START Recorded data

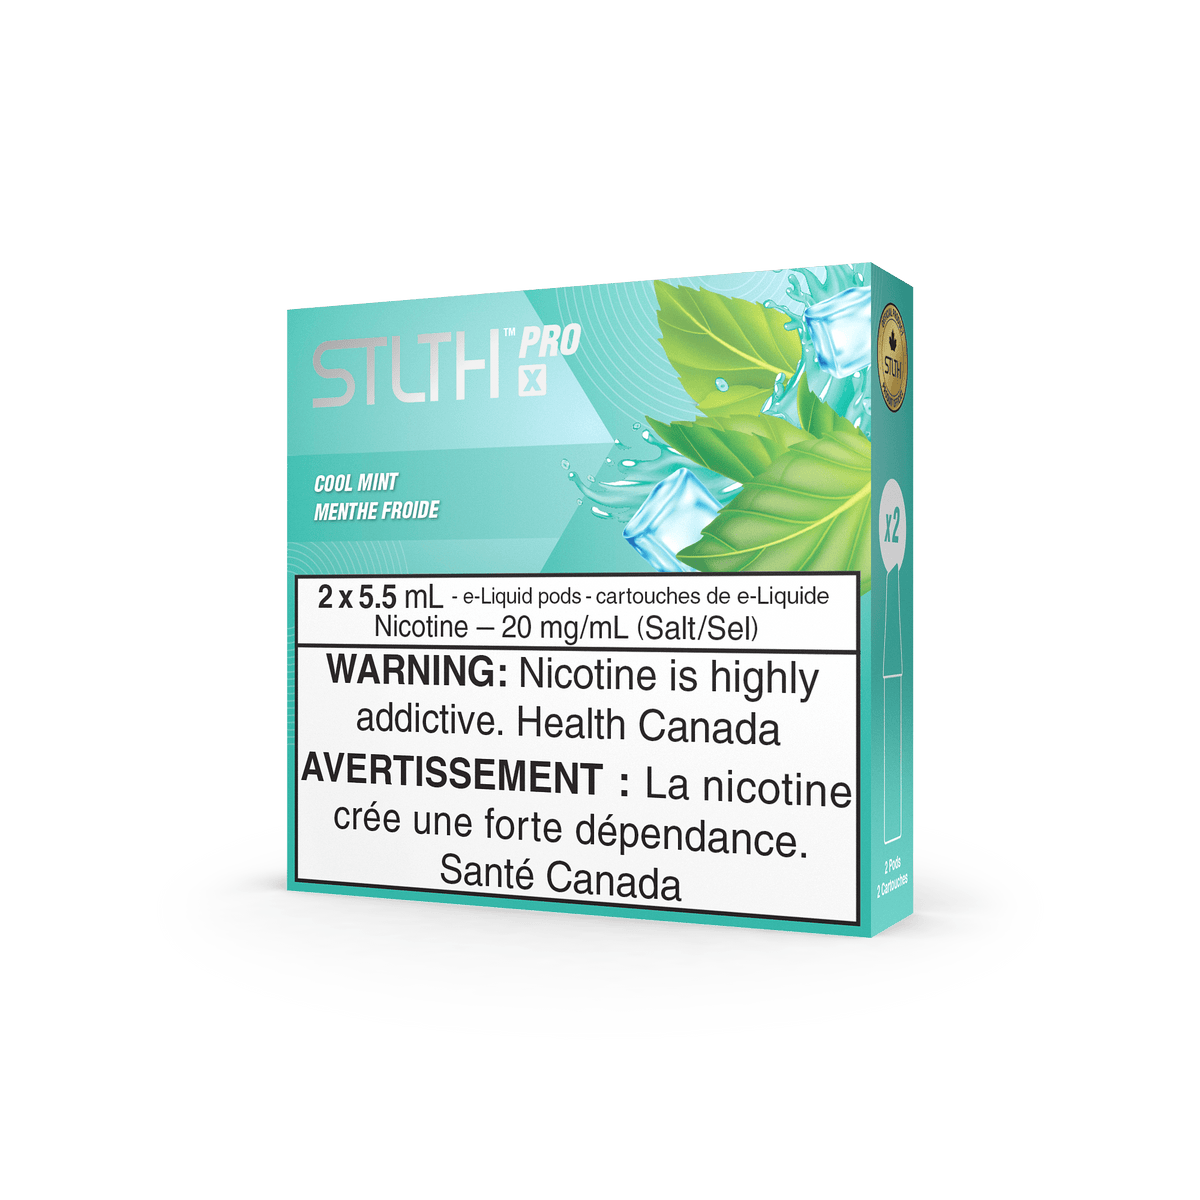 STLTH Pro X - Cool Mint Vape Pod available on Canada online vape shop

END Recorded data
START Recorded data

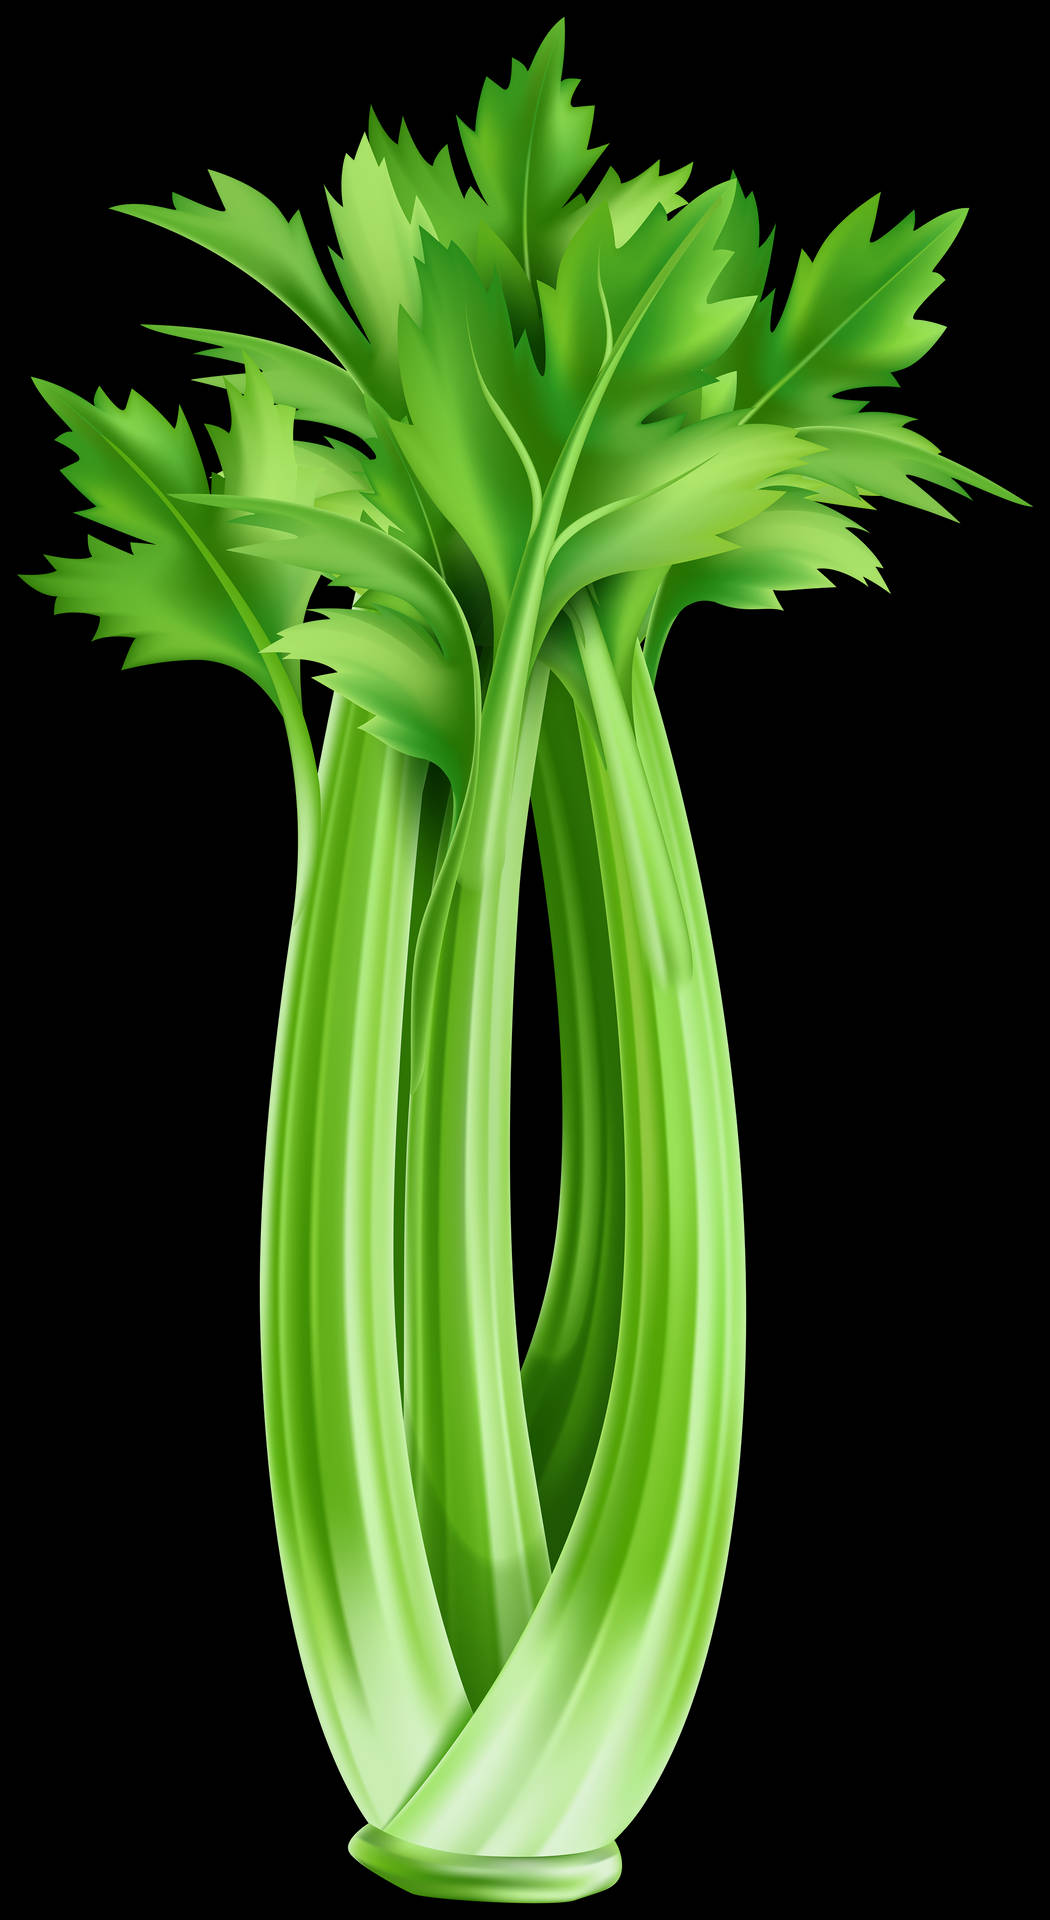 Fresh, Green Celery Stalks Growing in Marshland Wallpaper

END Recorded data
START Recorded data

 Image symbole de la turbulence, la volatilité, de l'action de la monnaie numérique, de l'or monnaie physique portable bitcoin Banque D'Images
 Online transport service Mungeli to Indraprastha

END Recorded data

In the listing above, locate the line containing "Image symbole de" and the line containing "Online transport service", then transcribe both and every line between them verbatim.

**Final answer:**
 Image symbole de la turbulence, la volatilité, de l'action de la monnaie numérique, de l'or monnaie physique portable bitcoin Banque D'Images
 Online transport service Mungeli to Indraprastha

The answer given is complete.